Des "crimes de mode de vie" en Asie centrale (1921-1935) : poursuivre les traditions devant les cours populaires soviétiques
Auteur / Autrice : | Aude-Cécile Monnot |
Direction : | Jakob Vogel, Juliette Cadiot |
Type : | Thèse de doctorat |
Discipline(s) : | Histoire |
Date : | Soutenance le 04/12/2020 |
Etablissement(s) : | Paris, Institut d'études politiques |
Ecole(s) doctorale(s) : | École doctorale de Sciences Po (Paris ; 1995-....) |
Partenaire(s) de recherche : | Laboratoire : Centre d'histoire de Sciences Po (Paris) |
Jury : | Président / Présidente : Sabine Dullin |
Examinateurs / Examinatrices : Jakob Vogel, Juliette Cadiot, Douglas Taylor Northrop, Isabelle Ohayon, Tatiana Borisova | |
Rapporteurs / Rapporteuses : Douglas Taylor Northrop, Isabelle Ohayon |
Mots clés
Résumé
En 1924, une catégorie pénale, les « crimes du quotidien », est introduite dans le droit soviétique en Asie centrale pour lutter contre des pratiques coutumières et religieuses dites incompatibles avec la modernité socialiste révolutionnaire.
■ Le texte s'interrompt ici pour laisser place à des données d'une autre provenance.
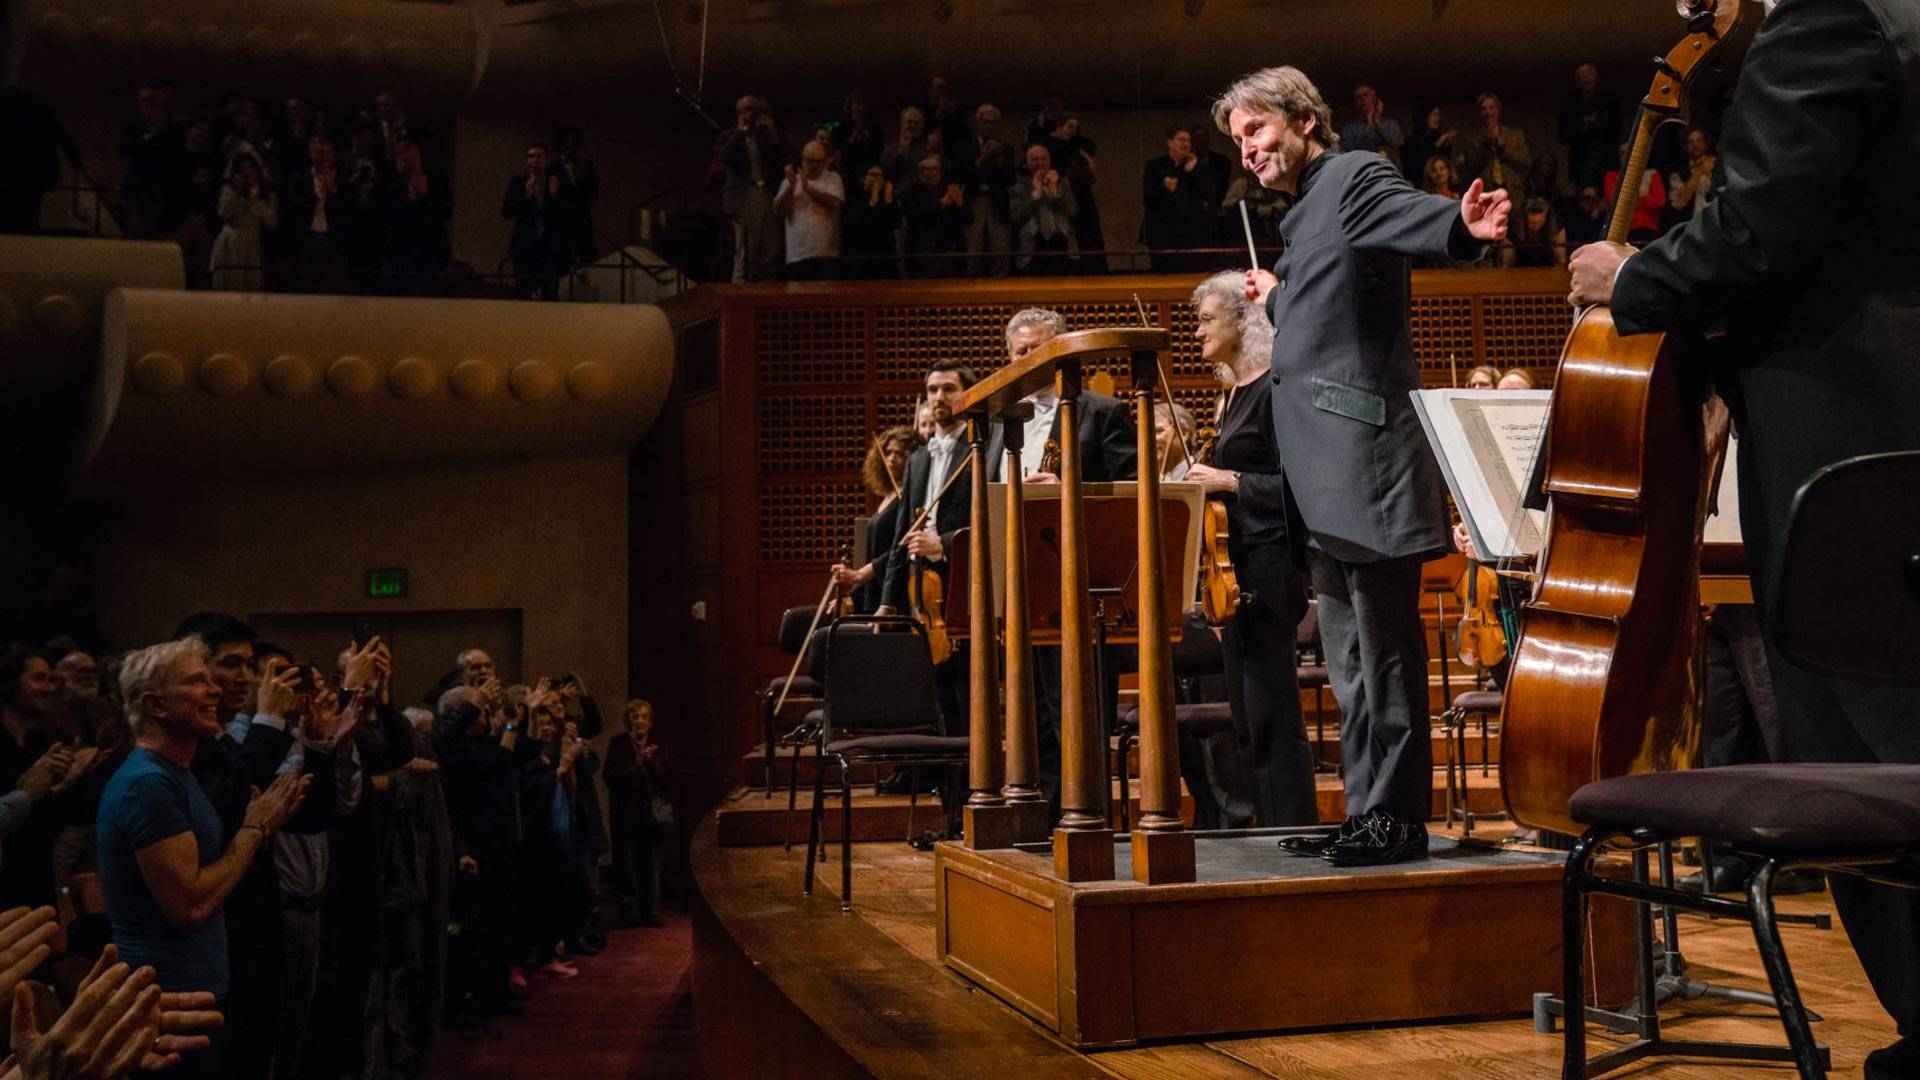 Esa-Pekka Salonen conducts the San Francisco Symphony on Jan. 18, 2019.  Brandon Patoc/San Francisco Symphony
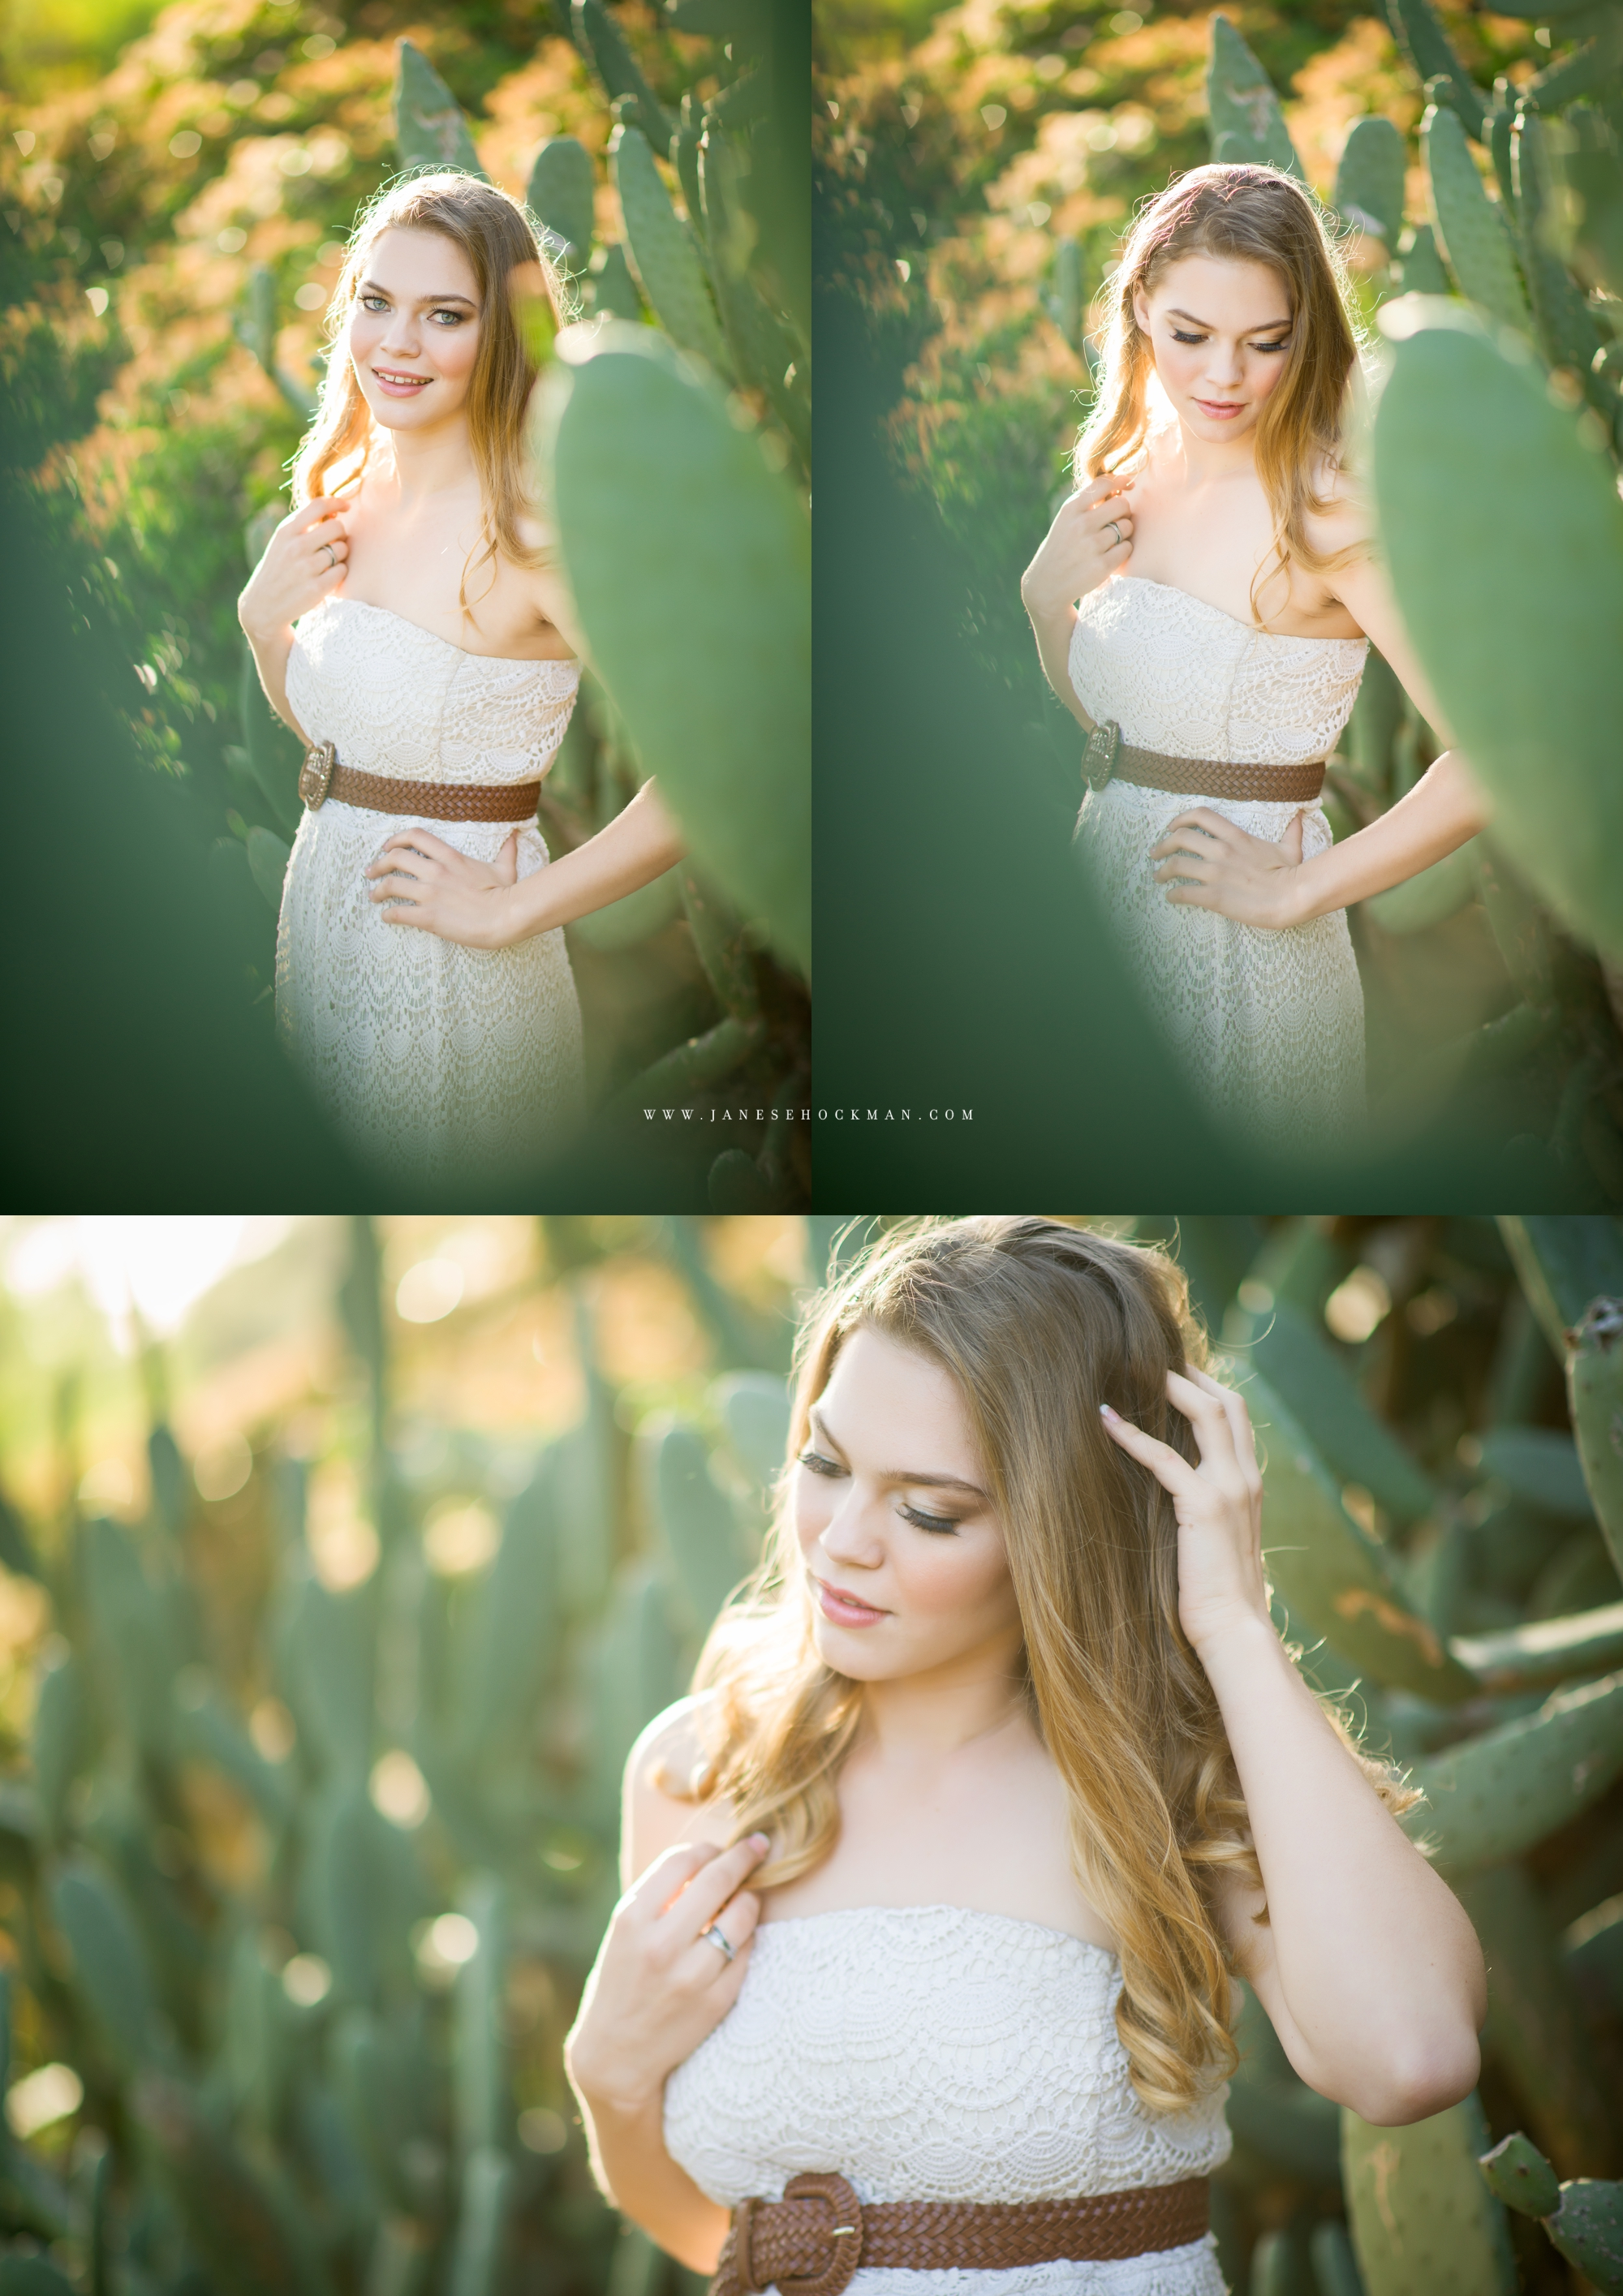 Holly   Janese Hockman Photography   San Luis Obispo, California   High School Senior Portraits   Huntington Beach 7.jpg

Par-delà l’impératif de modernisation, l’objectif est aussi politique. Il faut défaire l’autorité morale d’élites centrasiatiques considérées hostiles au pouvoir soviétique. Les « crimes du quotidien » traduisent en creux l’ambivalence entre le discours révolutionnaire anti-impérialiste et les exigences politiques de la construction du pouvoir en Asie centrale. Cette recherche interroge la genèse de cette catégorie pénale et le rôle du droit pénal et de la justice en Union soviétique. Les débats soulevés lors du processus de codification des « crimes du quotidien » montrent la résistance de catégories évolutionnistes et juridiques héritées de l’Empire dans la doctrine pénale révolutionnaire. L’analyse des archives des cours populaires, juridictions de première instance, met en lumière la fonction de proximité du juge, médiateur du droit soviétique, en charge d’expliquer et de promouvoir la judiciarisation de pratiques coutumières à ses pairs. Lors de campagnes judiciaires, le juge populaire joue un rôle de surveillance tout en conservant une capacité d’agir propre à entraver, voire à détourner les dynamiques locales de répression par son interprétation des affaires. In fine, cette recherche souligne les effets d’invisibilisation de la répression pénale des « crimes du quotidien » : les pratiques perdurent sous des formes hybrides échappant au contrôle des autorités.